- Joined
- Jan 14, 2011
I'm going to do raid 10 across 8 disks. with 4x raid1
poolsize = vdev0+vdev1+vdev2+vdev3
whats good with zfs is that i can run different size vdevs. so i dont have to upgrade ALL drives, i can do 2 at a time.
So i'll start with 8TB across the 4x 2TB raid 1s
so in the future say I can pick up 2x 8TB drives at a good price
pop one drive out of vdev0, put in 8TB, then rebuild (copy, fast, no parity calc)
pop in second 8TB drive, rebuild, expand.
then ill be left with 2+2+2+8 = 14TB. and so on.
say instead i do 2x Raid5 with 8 disks. this needs 2x 4disk raid5 (raidz) vdevs. with both in the pool, it essentially becomes raid 50.
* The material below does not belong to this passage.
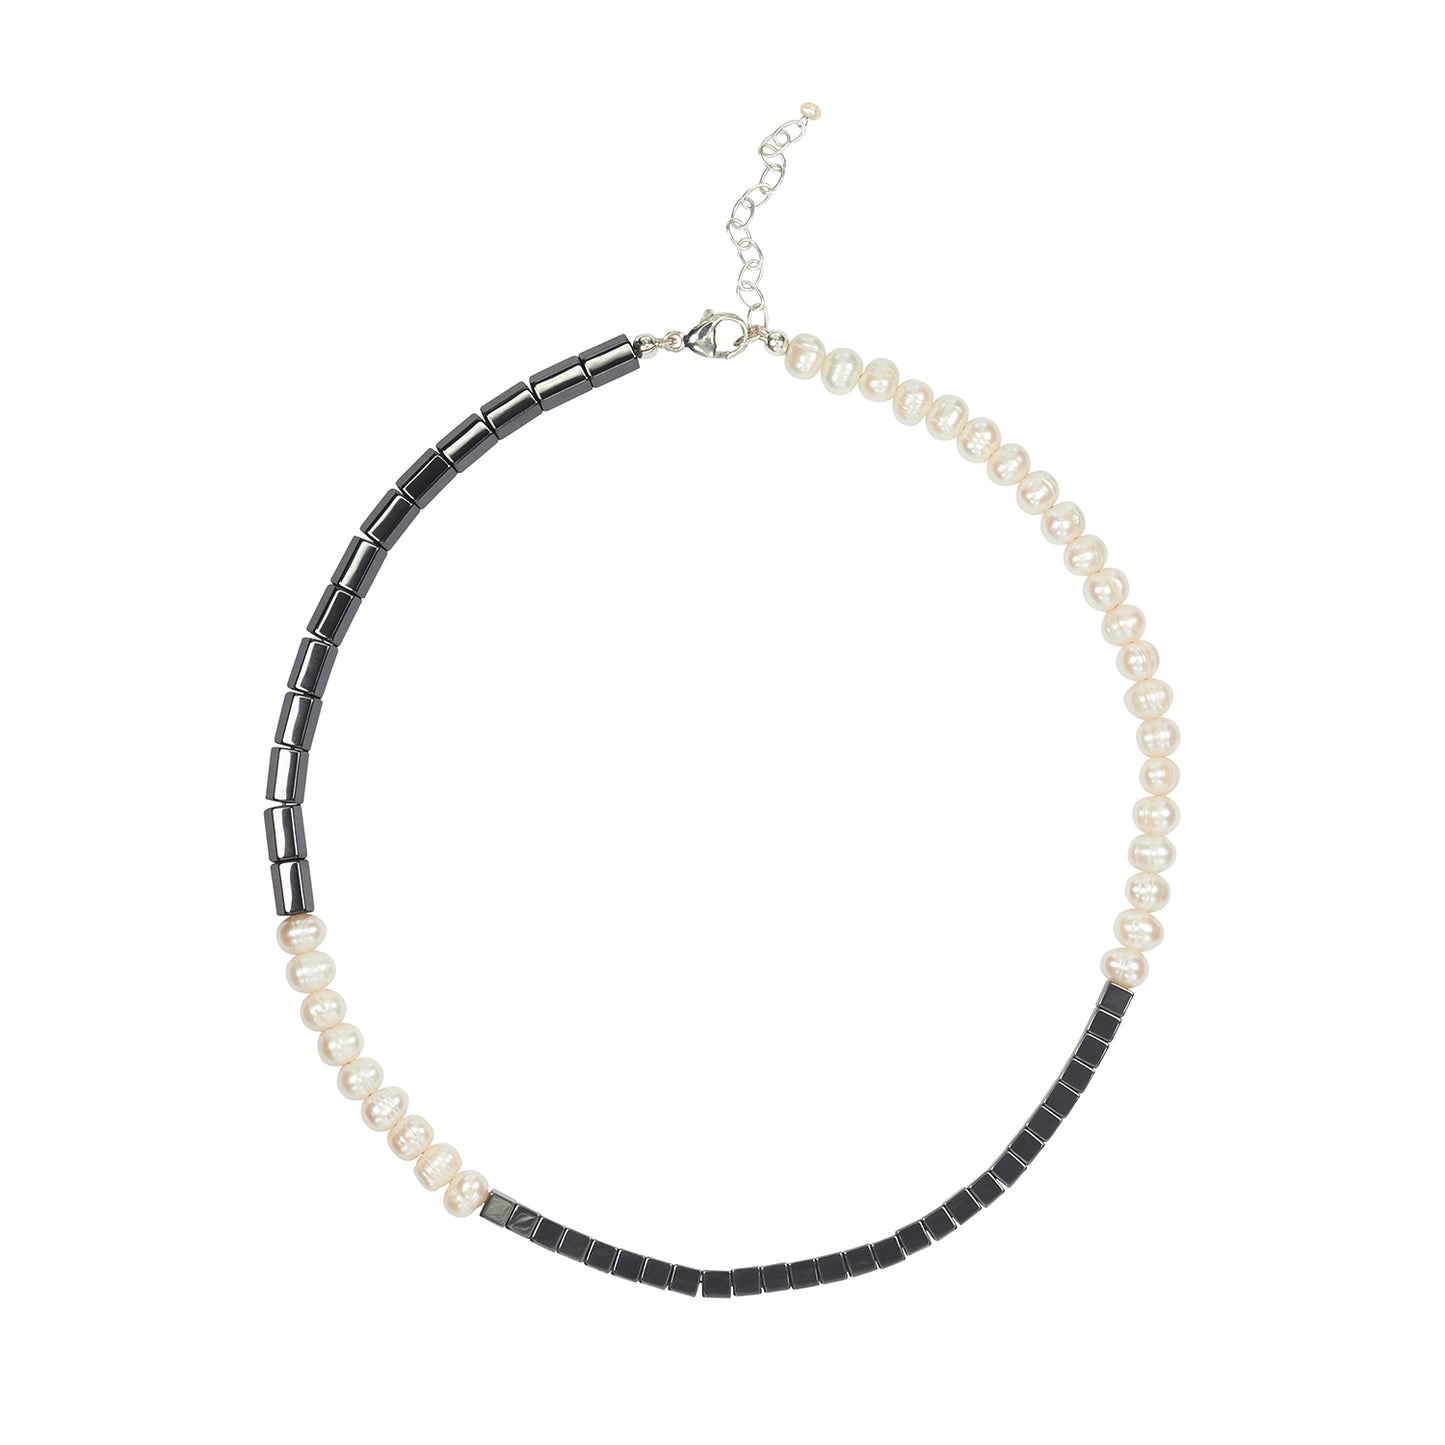 Quadrant Necklace with Freshwater Pearls and Hematine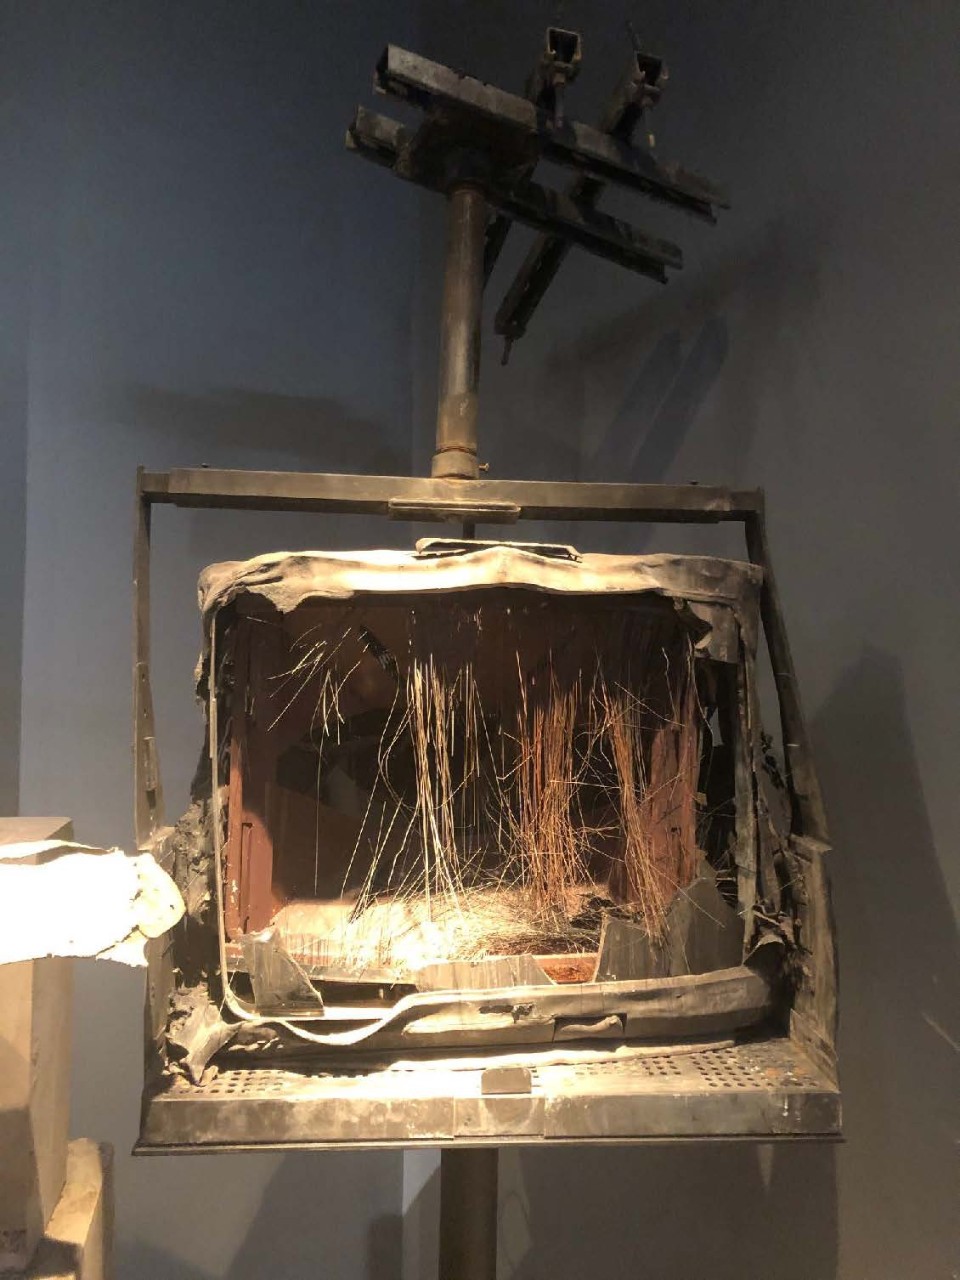 <p>Television on mounted wall/ceiling stand. Front glass broken out. Wires dangling inside. Covered in dust.</p>

poolsize = 6TB+6TB = 12TB. i have 2 disk redundancy but only if they fail in separate vdevs.
rebuilds are significantly more time consuming calculating parity.
upgrading drives has to be done 4 at a time.
replace drive 1, rebuild whole array
replace drive 2, rebuild whole array
replace drive 3, rebuild whole array
replace drive 4, rebuild whole array
expand.
that a lot of stress on the drives. and that stress increases the probability of failure for the rebuild. then i lose everything.
and the striped 4xmirrors should be faster than the striped 2xraid5.
i dunno i'm still not set in stone but i think i like 10 better.
that's why they say raid is not a backup, you should always backup to an external storage device. it does indeed take a long time to rebuild a raid 5 though, going from 3x2tb to 4x2tb took 3 days, but thanks to my controllers online raid expansion nothing went offline and i was still able to cap my gigabit connection reading from it while it was expanding.
why do you feel the need to do two separate arrays then
not trying to talk you out of doing what you are doing just trying to understand it.